**Work request**
If a line in the material below has the string "Stones", copy it out.

►

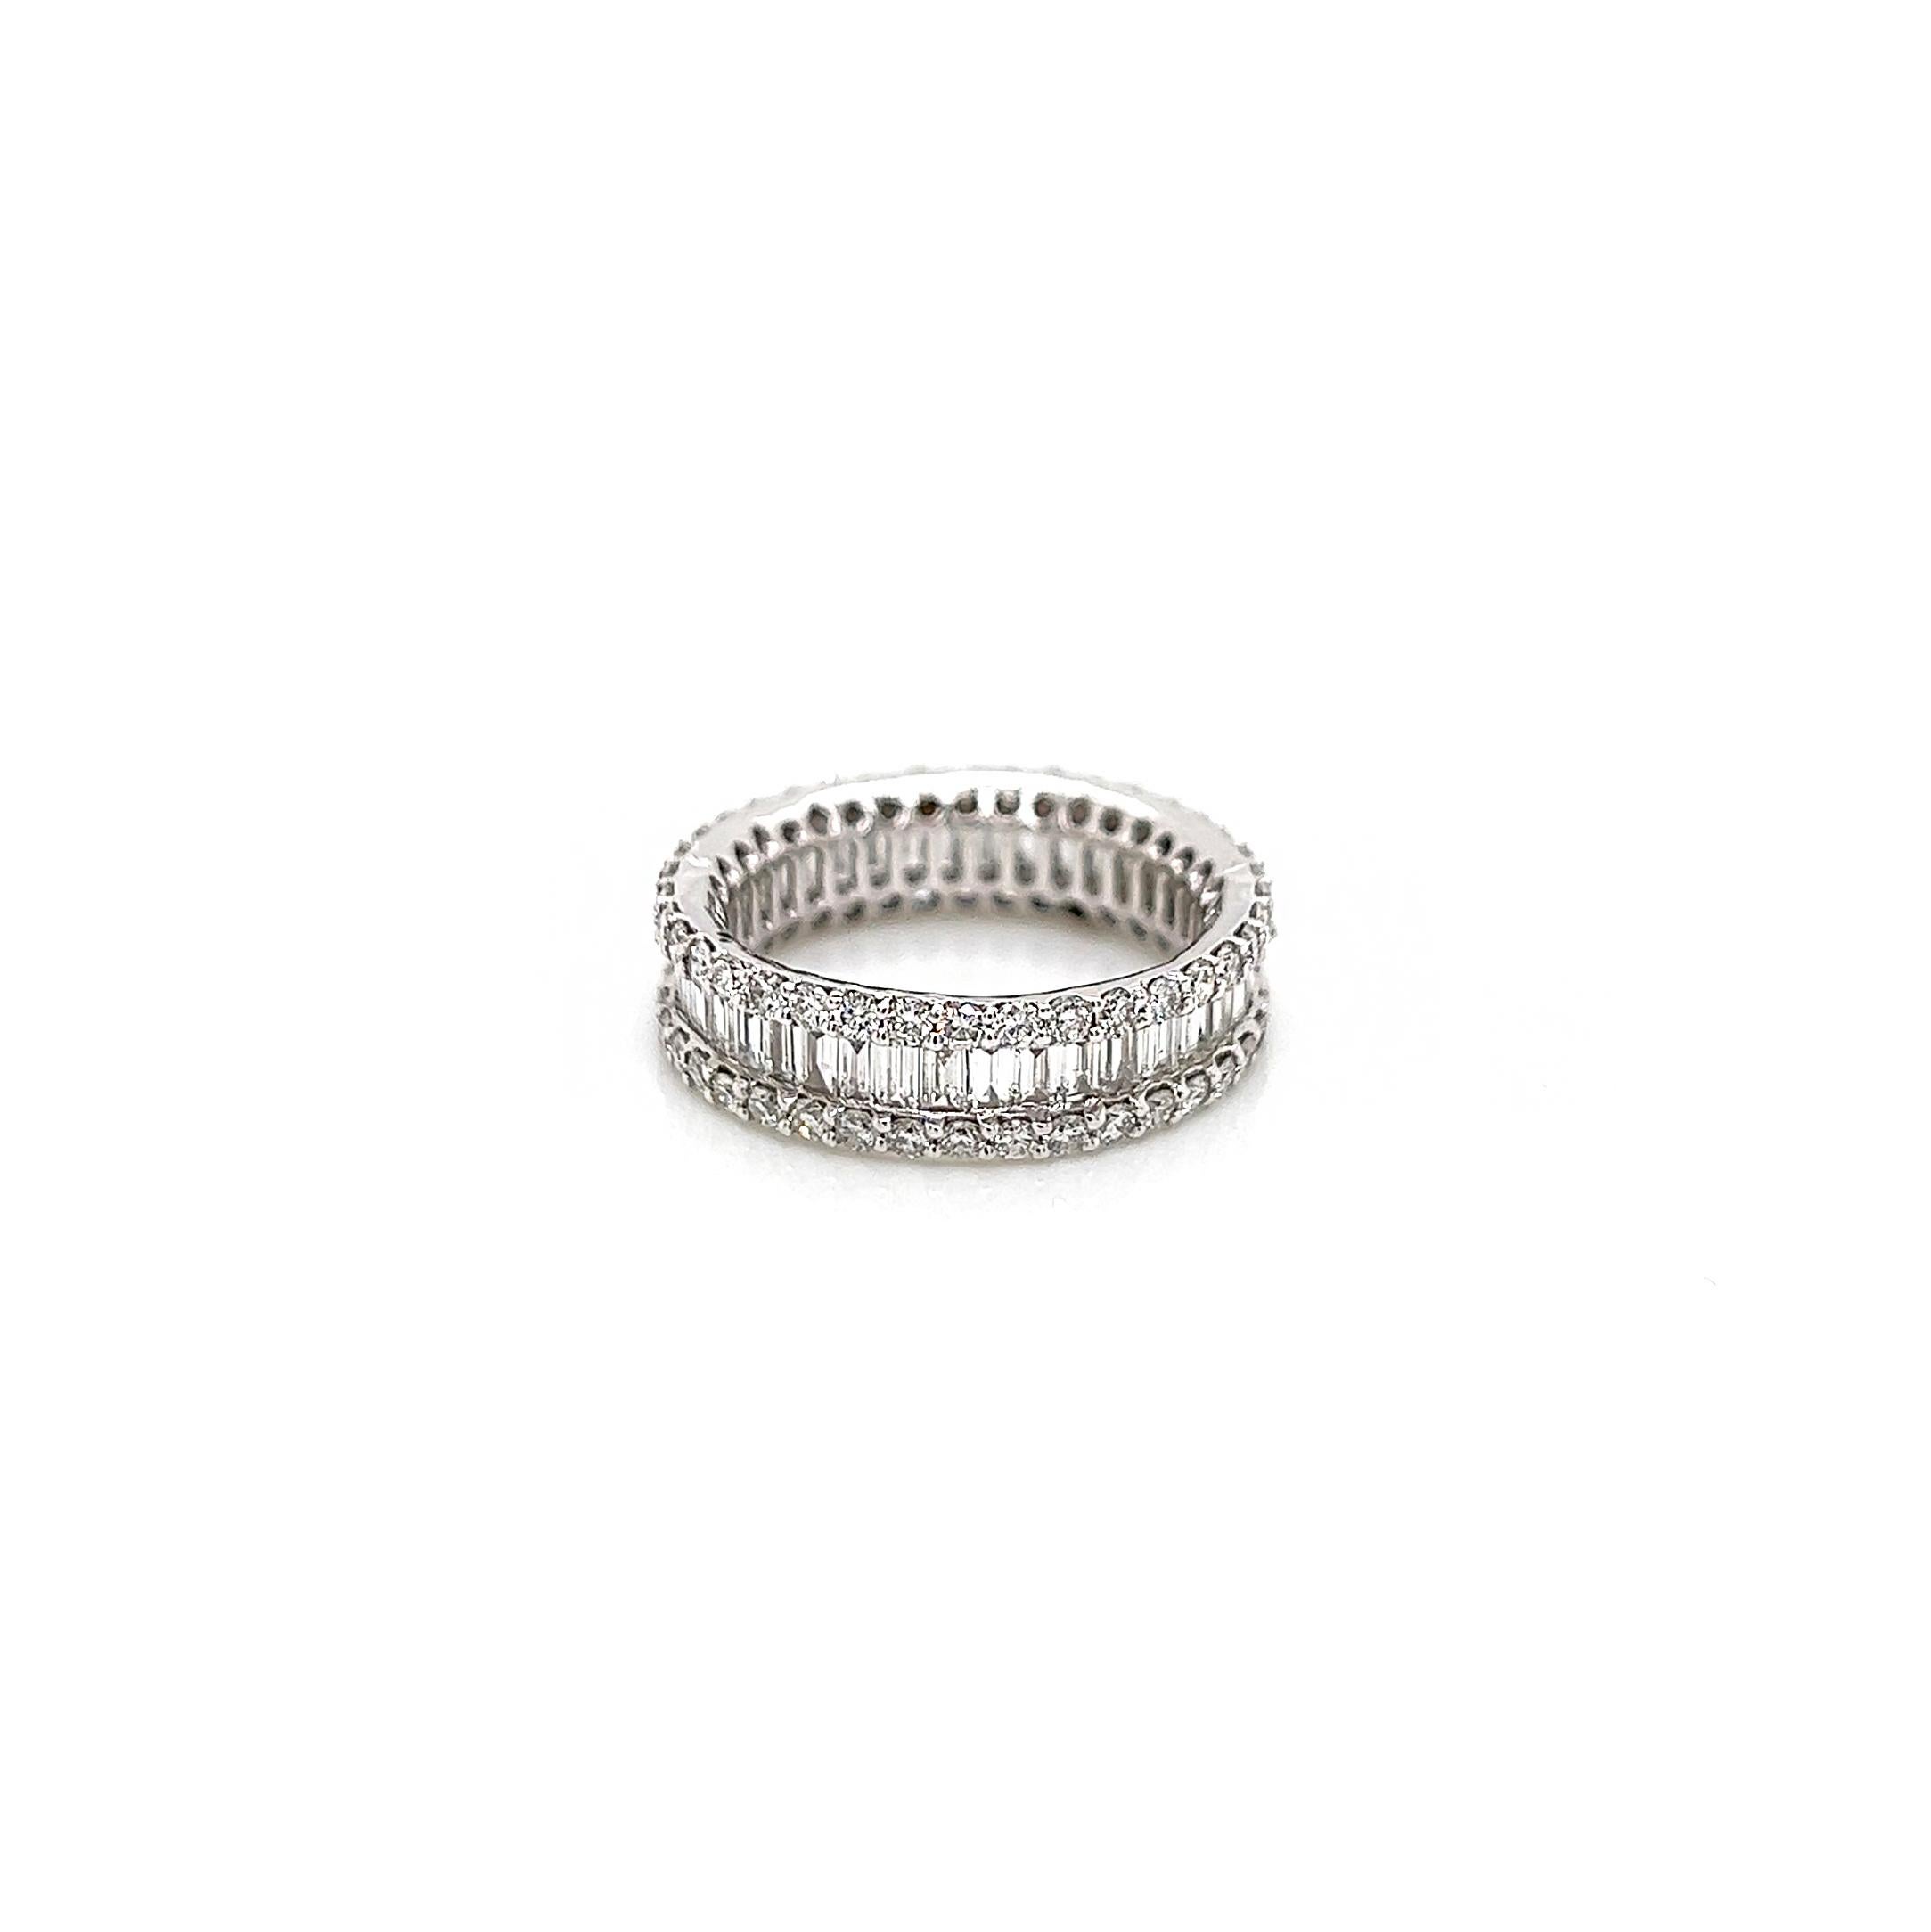 2.94 Carat Channel and Prong-Set Diamond Eternity Band

-Metal Type: 18K White Gold
-2.94 Carat Baguette and Round Natural Diamonds
          ~Baguette Stones: F-G Color, VS Clarity 
          ~Round Stones: F-G Color, SI Clarity 

-Size 6.5

Made

◄

**Task output**
          ~Baguette Stones: F-G Color, VS Clarity 
          ~Round Stones: F-G Color, SI Clarity 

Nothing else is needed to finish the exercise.